Please make sure that the load_checkpoint field in the yaml configuration file is configured with the correct path to the quantized network checkpoint file: /path/to/workspace/a8w8c8.ckpt before evaluating.

import numpy as np
import mindspore as ms
from mindspore.communication.management import init
from mindformers.core.metric import EmF1Metric
from mindformers import MindFormerConfig, AutoModel
from mindspore_gs.ptq.network_helpers.mf_net_helpers import MFParallelLlama2Helper
from mindspore_gs.datasets import get_datasets
from mindspore_gs.common import logger
from mindspore_gs.ptq.ptq import PTQ
from mindspore_gs.common import BackendTarget
from mindspore_gs.ptq import PTQMode, PTQConfig


config_path = '/path/to/workspace/predict_llama2_7b.yaml'
mf_config = MindFormerConfig(config_path)

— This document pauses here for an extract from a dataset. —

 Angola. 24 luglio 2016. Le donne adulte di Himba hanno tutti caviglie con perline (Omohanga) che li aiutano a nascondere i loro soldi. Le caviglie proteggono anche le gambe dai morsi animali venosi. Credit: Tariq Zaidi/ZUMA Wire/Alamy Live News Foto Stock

ms.set_context(mode=mf_config.context.mode, device_target=mf_config.context.device_target,
                jit_config={"jit_level": "O0", "infer_boost": "on"})
init()
network = AutoModel.from_config(mf_config, download_checkpoint=False)
network.set_train(False)
network.phase = 'predict'

ptq_config = PTQConfig(mode=PTQMode.DEPLOY, backend=BackendTarget.ASCEND, opname_blacklist=["w2", "lm_head"],
                       weight_quant_dtype=ms.dtype.int8, act_quant_dtype=ms.dtype.int8, kvcache_quant_dtype=ms.dtype.int8)
ptq = PTQ(config=ptq_config)
ptq.apply(network)
ptq.convert(network)

ms.load_checkpoint(mf_config.load_checkpoint, network)

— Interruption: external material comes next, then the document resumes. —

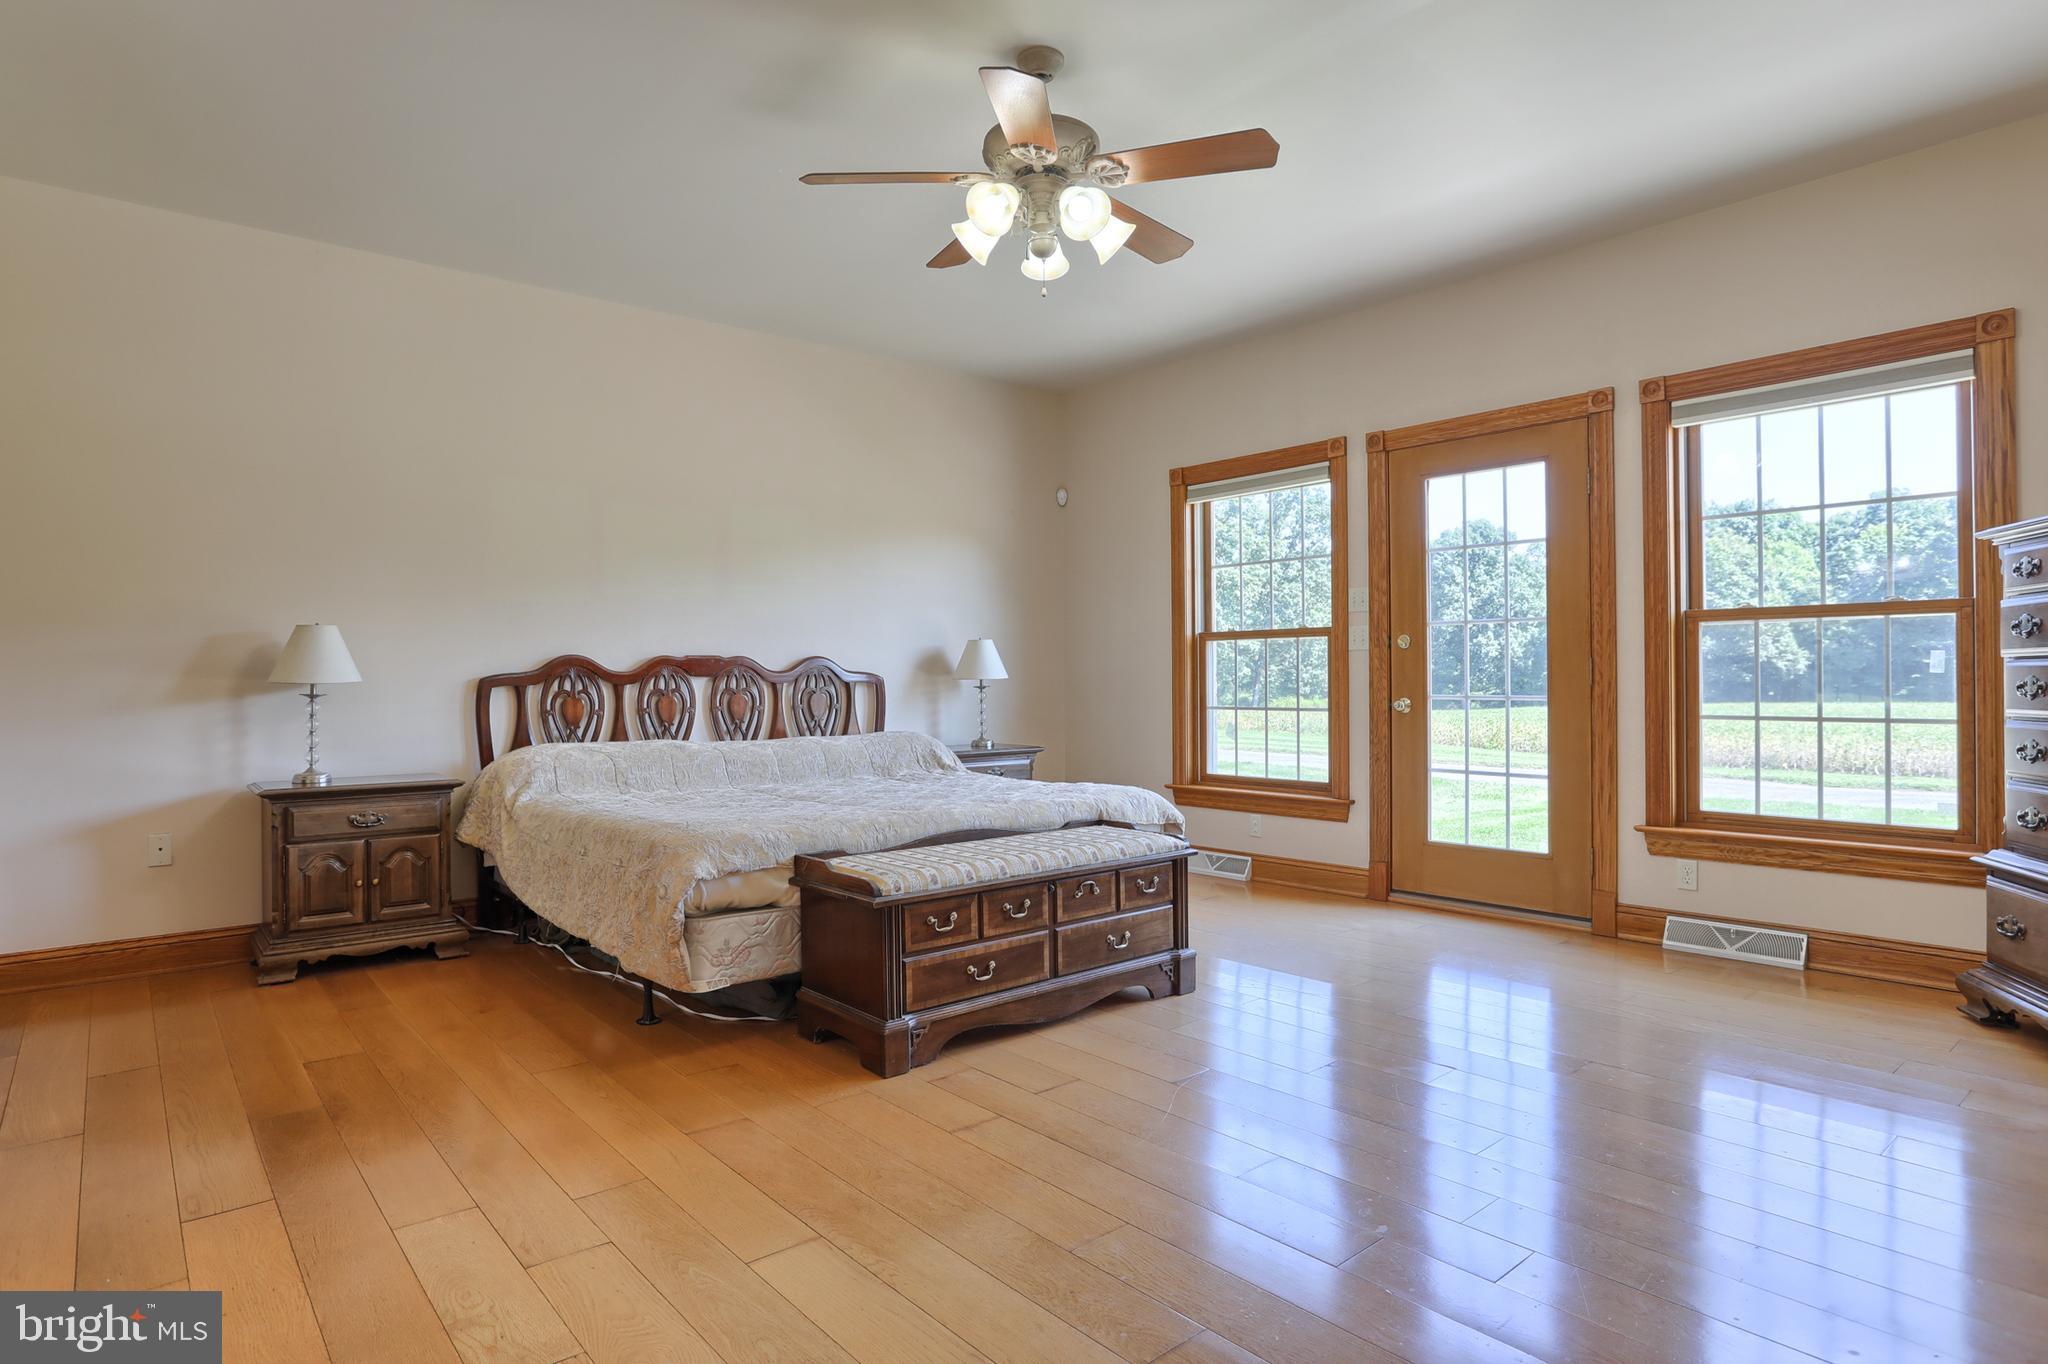 1st Floor Master Bedroom view 2

helper = MFParallelLlama2Helper(mf_config)
ds_path = '/path/to/squad/dev-v1.1.json'
bs_ = helper.get_spec('batch_size')
seq_ = helper.get_spec('seq_length')
max_decode_length = helper.get_spec('max_decode_length')
ignore_token_id = helper.get_spec('ignore_token_id')
top_k = helper.get_spec("top_k")
top_p = helper.get_spec("top_p")
do_sample = helper.get_spec("do_sample")
pad_token_id = helper.get_spec("pad_token_id")
tokenizer = helper.create_tokenizer()
ds = get_datasets('squad1.1', ds_path, "eval", bs_, seq_, max_decode_length, tokenizer, ignore_token_id, 1,
                  False, n_samples=1000)

metric = EmF1Metric()
metric.clear()

data_count = 0
total_count = ds.get_dataset_size()
for _, ds_item in enumerate(ds.create_dict_iterator()):
    data_count += 1
    logger.info(f"Dataset count: {data_count}/{total_count}")
    input_ids = ds_item['input_ids'].asnumpy()
    labels = ds_item['labels'].asnumpy()

    valid_length_each_example = []
    for j in range(input_ids.shape[0]):
        # As the nonzero returns the index and we need length
        valid_length_each_example.append(np.max(np.argwhere(input_ids[j] != pad_token_id)) + 1)
    valid_length_each_example = np.array(valid_length_each_example)

    outputs = network.generate(input_ids, do_sample=do_sample, max_length=seq_, top_p=top_p, top_k=top_k, max_new_tokens=200)
    output_ids = []
    for j in range(input_ids.shape[0]):
        output_ids.append(outputs[j][int(valid_length_each_example[j]):])

    pres_str = tokenizer.decode(output_ids, skip_special_tokens=True)
    labels_str = tokenizer.decode(labels, skip_special_tokens=True)
    metric.update(pres_str, labels_str)
metric.eval()

Step 4. Effect Analysis

Table 2: ParallelLlamaForCausalLM-7B network before and after A8W8C8 quantization using PTQ algorithm

Metrics	FP16	PTQ-A8W8C8	Benefits
ckpt-size(GB)↓	13	7.9	39.2%
F1↓	33%	32%	-1%
EM↓	0	0	-

It can be seen that after A8W8C8 quantization by the PTQ algorithm:

The number of parameters in the quantized network shrinks by 39.2%, i.e., the network is deployed with the static memory footprint dropping to 60.8% of what it was at Float16. The quantized network can thus be deployed on more resource-constrained environments or provide greater throughput in the same environment.
The F1 of the quantized network on the squad1.1 dataset decreased by 1%, i.e., the quantized network was slightly less effective on the discriminative task on the squad1.1 dataset.